Ooh. Popeye's red beans and rice. I haven't had that in a while since they closed the Popeye's on this side of town.
Totally agree on SQL 2008. We're just now trying to migrate our DBs to SQL 2005. We're trying to leverage 64-bit 2005 for some heavy apps and are running into all kind of problems with DB connector compatibility.

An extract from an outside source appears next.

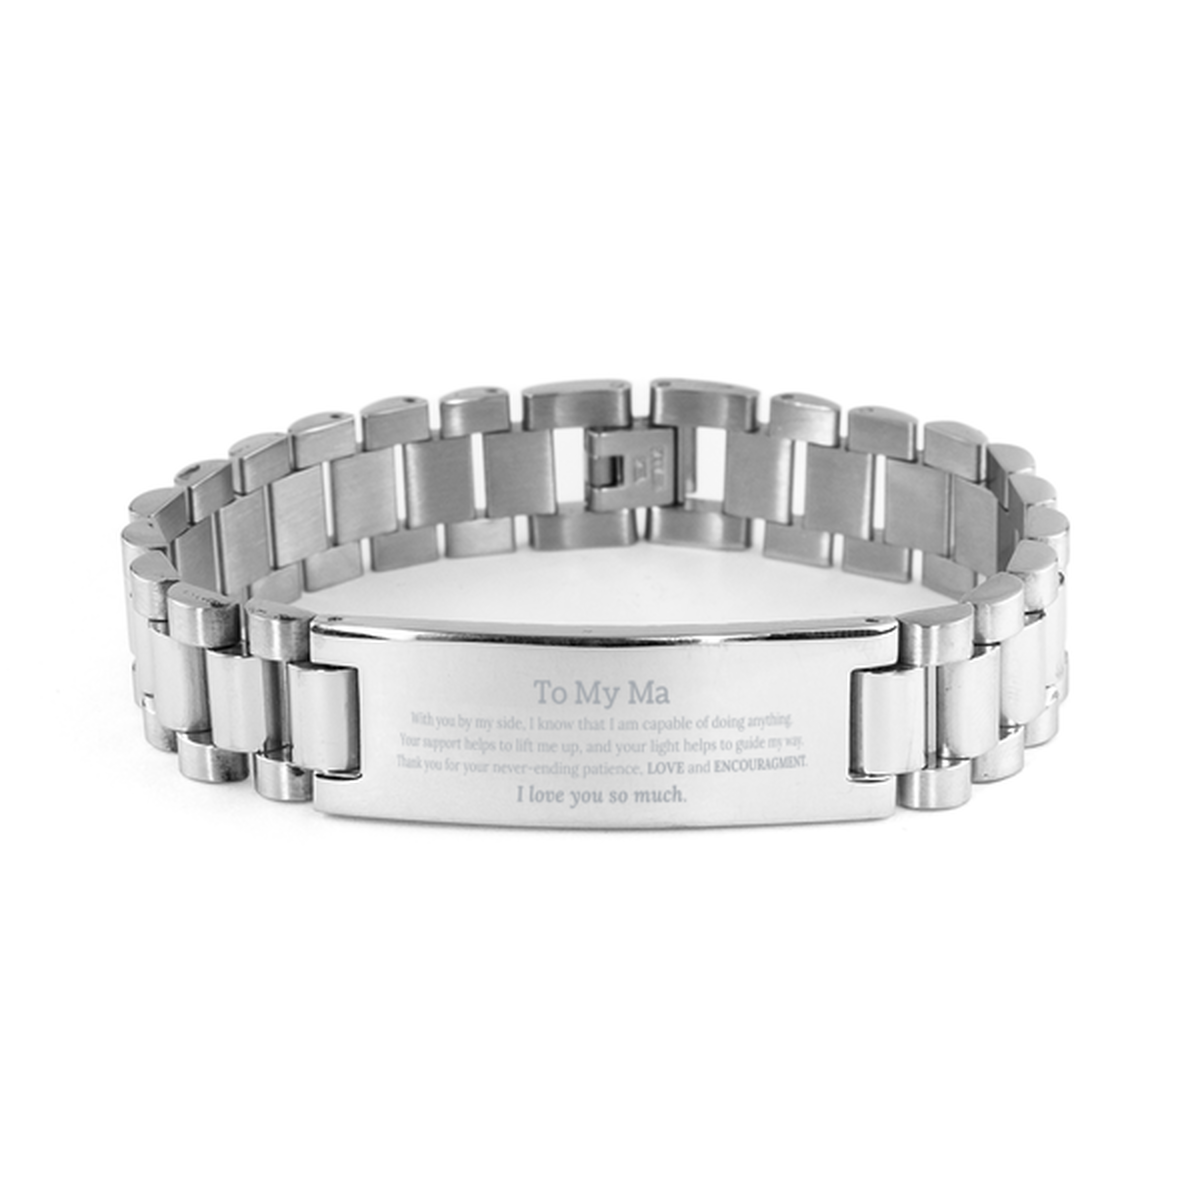 Appreciation Ma Ladder Stainless Steel Bracelet Gifts, To My Ma Birthday Christmas Wedding Keepsake Gifts for Ma With you by my side, I know that I am capable of doing anything. I love you so much

Also torn on Exchange 2007. New MMC 3.0 interface for the Admin Console really blows in my opinion. From what I hear it's also unstable as all get out. Whoever decided that some functions had to be performed via PowerShell should be slowly tortured. All functions should be available via the Admin Console with PowerShell available for scripting if it's so desired.
SCCM 2007 is not much different from SMS 2003 R2 with all of the feature packs. The OS deployment components are really targeted for WIM images (Vista). We're probably going to skip Vista entirely and go to Windows 7 in 2009/2010. I'll probably wait for SCCM 2007 R2 which is currently in beta.
Hyper-V can't hold a candle to VMware ESX VI3.
The free software is what I really wanted.
...lunch at Popeye's would be a bonus.[Dinner]
Open source? Too funny. We have a ton of software, much of it not suited to a Linux client or server. We have a few RedHat servers that do basic things like log aggregation. Heavy lifting with open source is a PITA. MySQL just doesn't compare to Oracle.
I have 64-bit Ultimate running on this desktop in another partition in order to take full advantage of the memory. I have a 32-bit newsreader app that locks the system up hard (have to give it the finger). So much for application isolation. 64-bit also doesn't want to play nicely with the Xbox 360 as a media extender. If you think your new Vista system is fast, you'll be surprised how much faster it is with XP. When I'm on XP, I find I'm not watching the spinning blue ******* or watching applications fade to white when they become unresponsive or crash. Did I mention that Vista blows?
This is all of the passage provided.